__INFORMATION SUPPLIED__
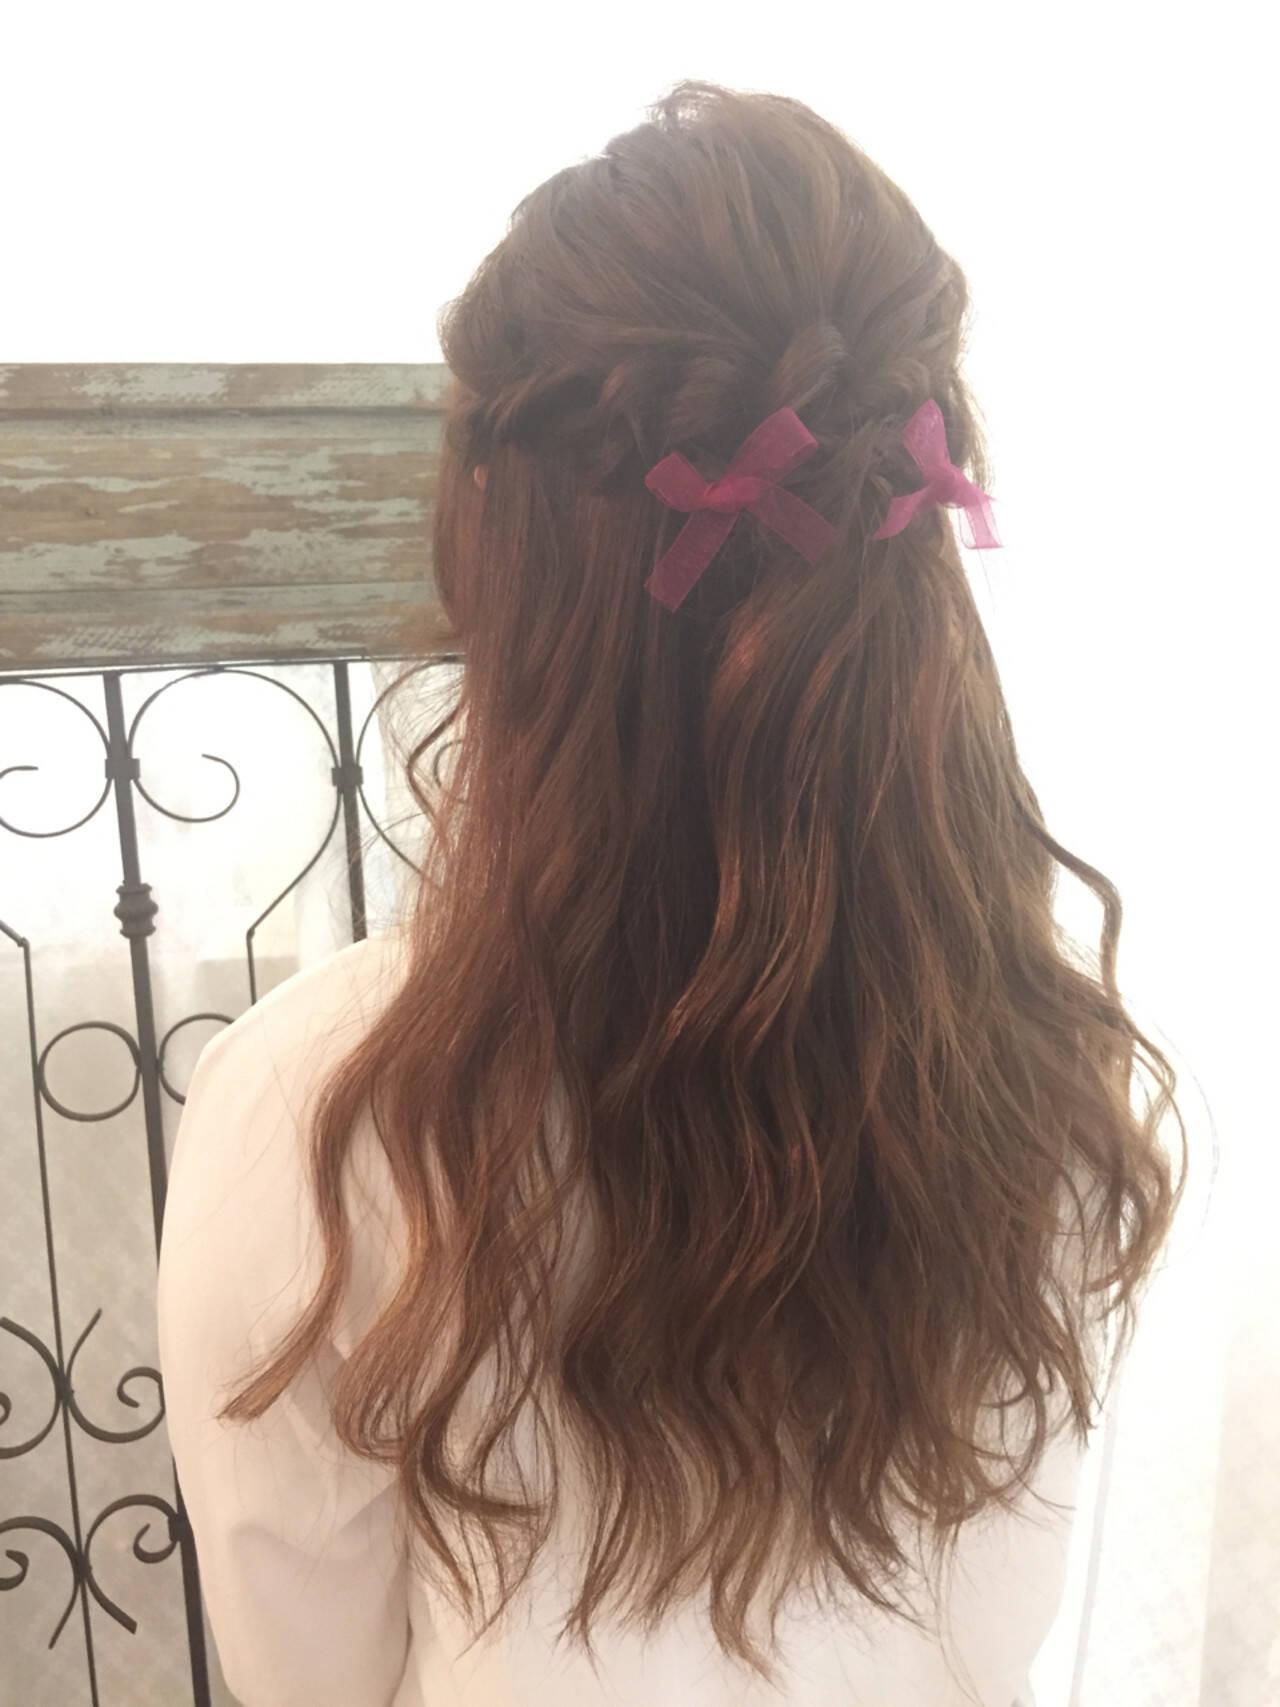 ハーフアップ ロング 簡単ヘアアレンジ 大人かわいいヘアスタイルや髪型の写真・画像
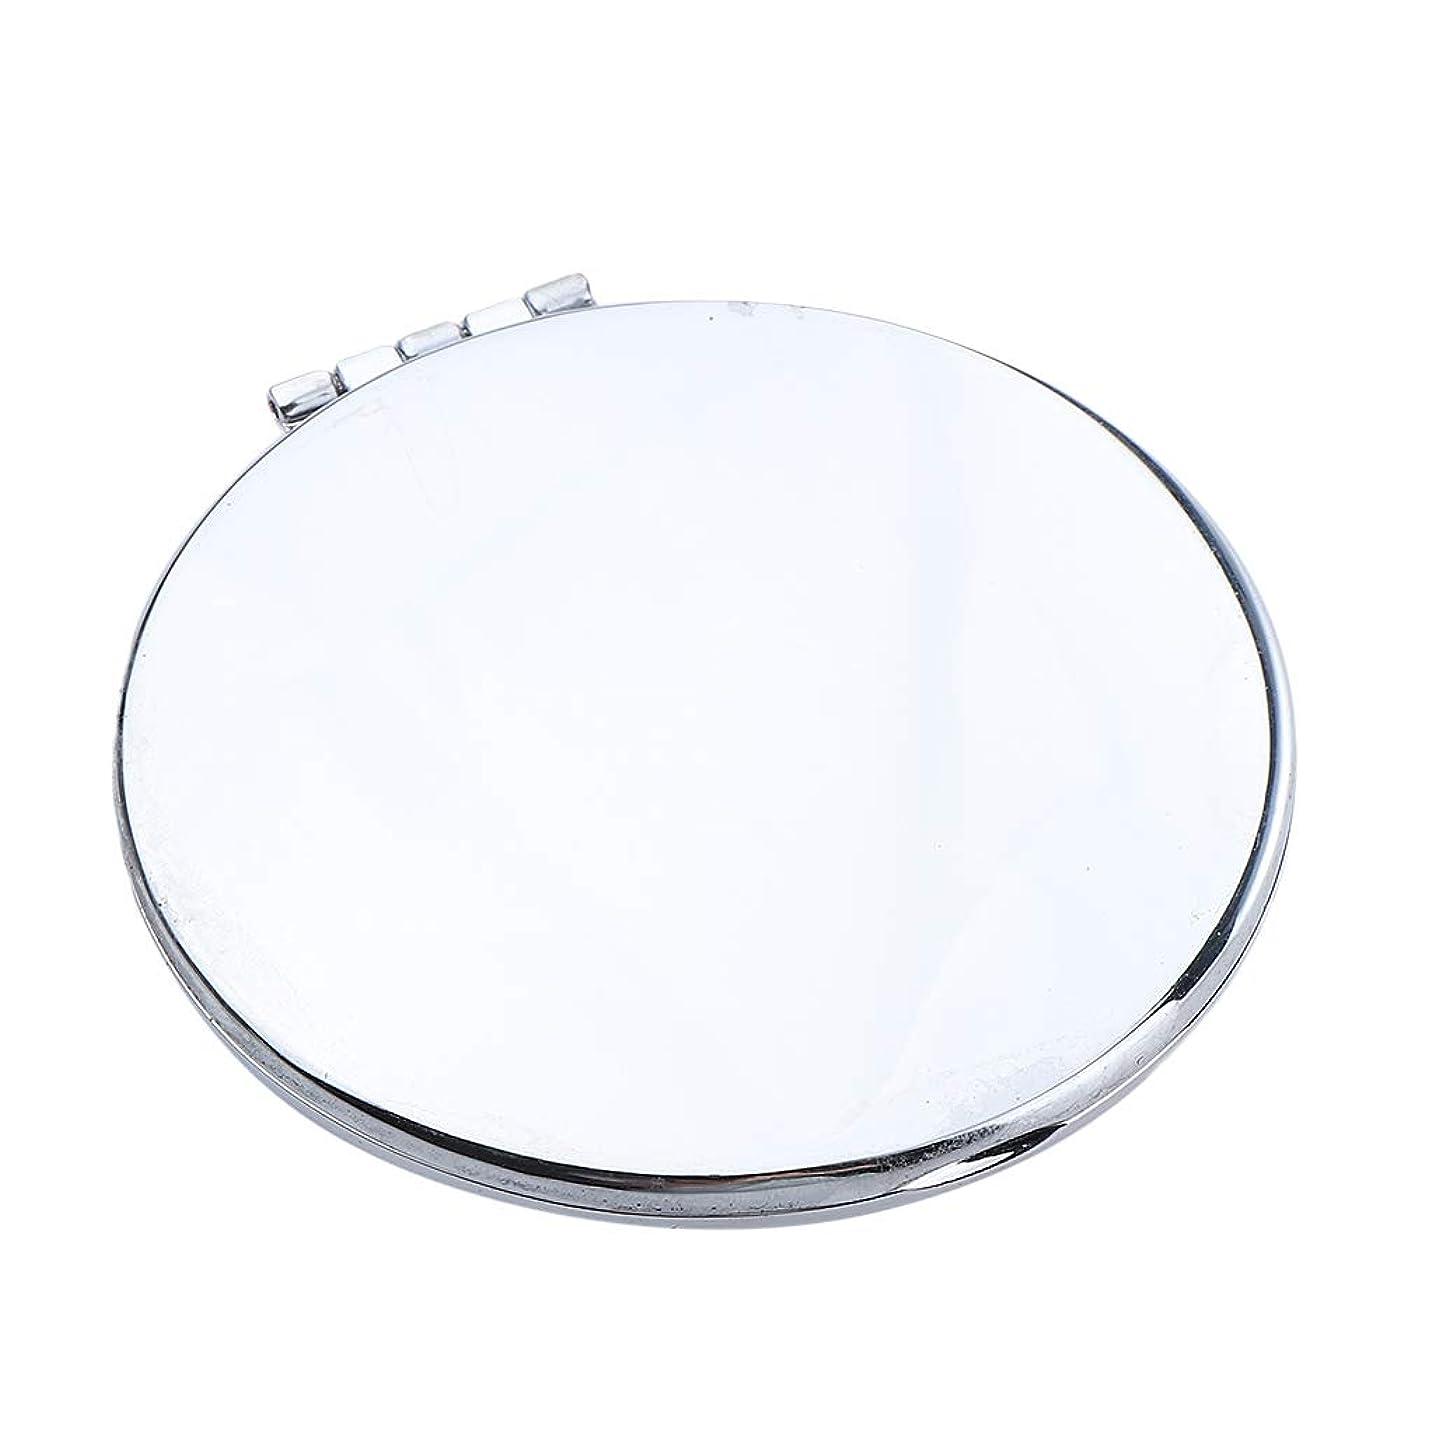 落ち着いた体操市場ポータブルポケットミラーコンパクトメイク化粧品ファッション虚栄心ミラー - 円形
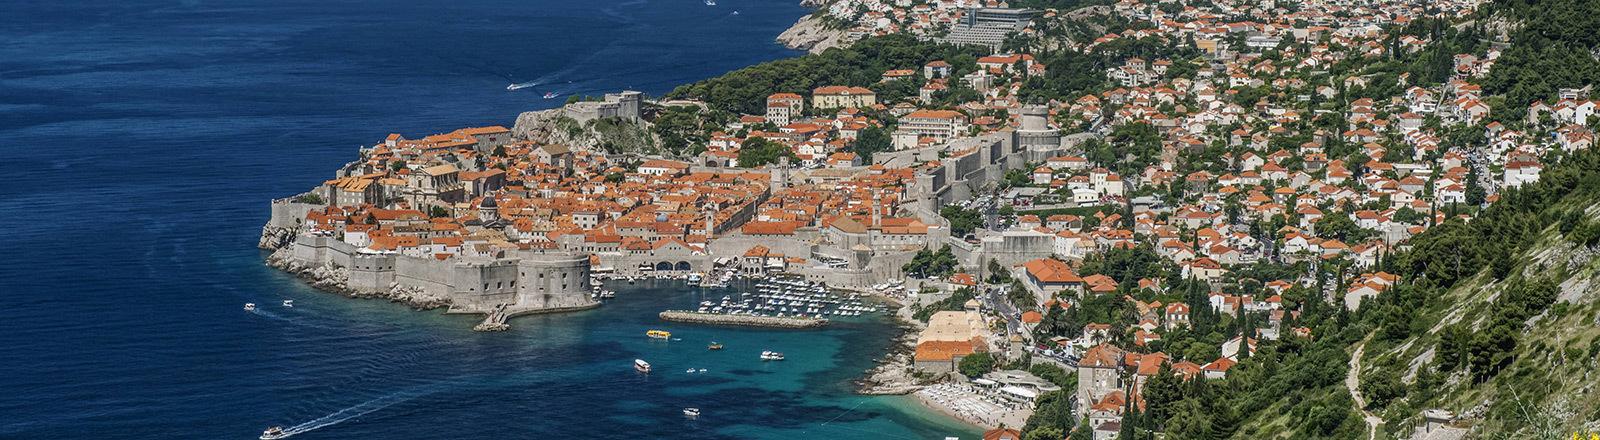 Die Alstadt von Dubrovnik

__TO DO__
Return an exact transcription of the material, with its pictures left out.

__YOUR SOLUTION__
 ハーフアップ ロング 簡単ヘアアレンジ 大人かわいいヘアスタイルや髪型の写真・画像
 落ち着いた体操市場ポータブルポケットミラーコンパクトメイク化粧品ファッション虚栄心ミラー - 円形
 Die Alstadt von Dubrovnik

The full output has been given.